The interquartile range, often written as IQR, is a measure of spread in a dataset. It tells you how wide the middle 50% of your data is. Instead of focusing on extreme minimum and maximum values, IQR focuses on the central portion, making it useful when your data has outliers.

Formula: IQR = Q3 − Q1
Q1 = first quartile (25th percentile)
Q3 = third quartile (75th percentile)

How to calculate interquartile range step by step

1) Sort the data from smallest to largest

Quartiles are position-based, so sorting is required before anything else.

2) Find the median (Q2)

The median is the middle value. If there are two middle values, average them.

3) Split the data into lower and upper halves

For odd-sized datasets, methods vary:

  • Exclusive median: do not include the median in either half.
  • Inclusive median: include the median in both halves.

This calculator lets you choose either method so your result matches your class or software convention.

4) Find Q1 and Q3

Q1 is the median of the lower half, and Q3 is the median of the upper half.

5) Subtract Q1 from Q3

The final step is simple: IQR = Q3 − Q1.

Worked example

Suppose your sorted data is: 3, 5, 7, 8, 11, 12, 13, 16, 18

  • Median (Q2) = 11
  • Lower half (exclusive) = 3, 5, 7, 8 → Q1 = (5 + 7)/2 = 6
  • Upper half (exclusive) = 12, 13, 16, 18 → Q3 = (13 + 16)/2 = 14.5
  • IQR = 14.5 − 6 = 8.5

Why IQR is useful

  • It is resistant to outliers compared with full range.
  • It summarizes spread in a robust way for skewed data.
  • It is central to box plots and exploratory data analysis.
  • It helps identify potential outliers with the 1.5 × IQR rule.
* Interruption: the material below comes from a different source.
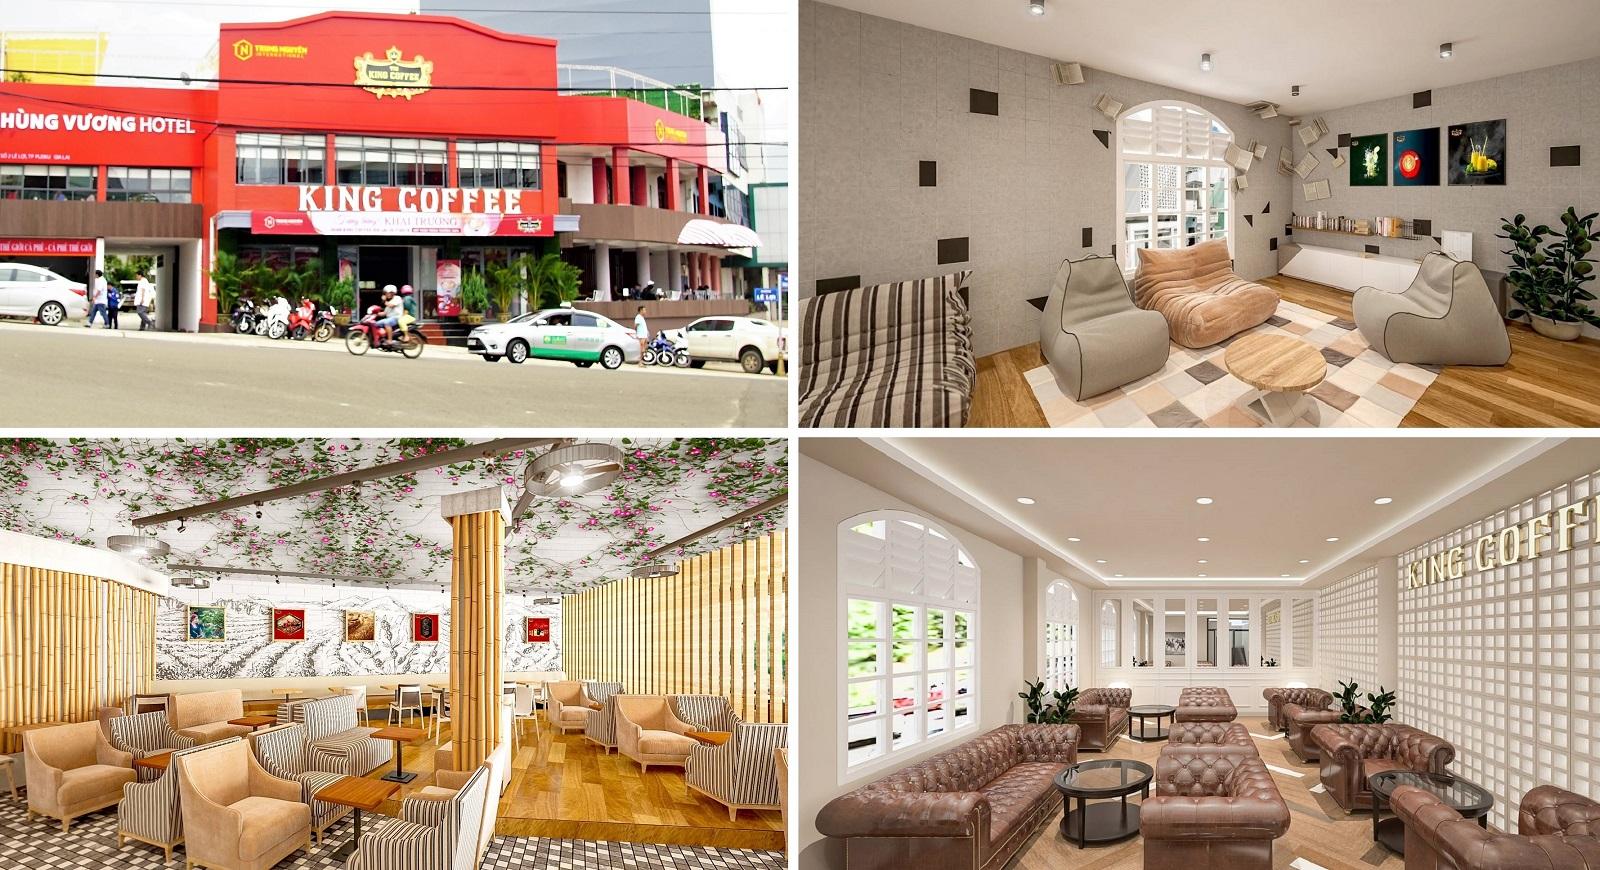 Chuỗi quán cafe đình đám King Coffee xuất hiện ở Gia Lai, dân tình rần rần rủ nhau đến check-in

Outlier detection with IQR

A common rule flags values outside these “fences”:

Lower fence = Q1 − 1.5 × IQR
Upper fence = Q3 + 1.5 × IQR

Values below the lower fence or above the upper fence are potential outliers. The calculator above includes these fences automatically.

Common mistakes when calculating IQR

  • Not sorting the data first.
  • Mixing quartile methods (inclusive vs. exclusive) without realizing it.
  • Confusing IQR with range (max − min).
  • Using too few data points to make meaningful spread conclusions.

Quick FAQ

Can IQR be zero?

Yes. If Q1 and Q3 are equal, then IQR is 0, meaning the middle 50% of values are the same.

Is IQR affected by extreme values?

Much less than range or standard deviation. That is why IQR is popular for skewed data.

What if my numbers are decimals or negative?

No problem. The calculator supports decimals and negative values.

Final thoughts

If you want a reliable way to measure variability without letting outliers dominate, calculate interquartile range. It is fast, interpretable, and especially useful for box plots, summary reporting, and robust statistics.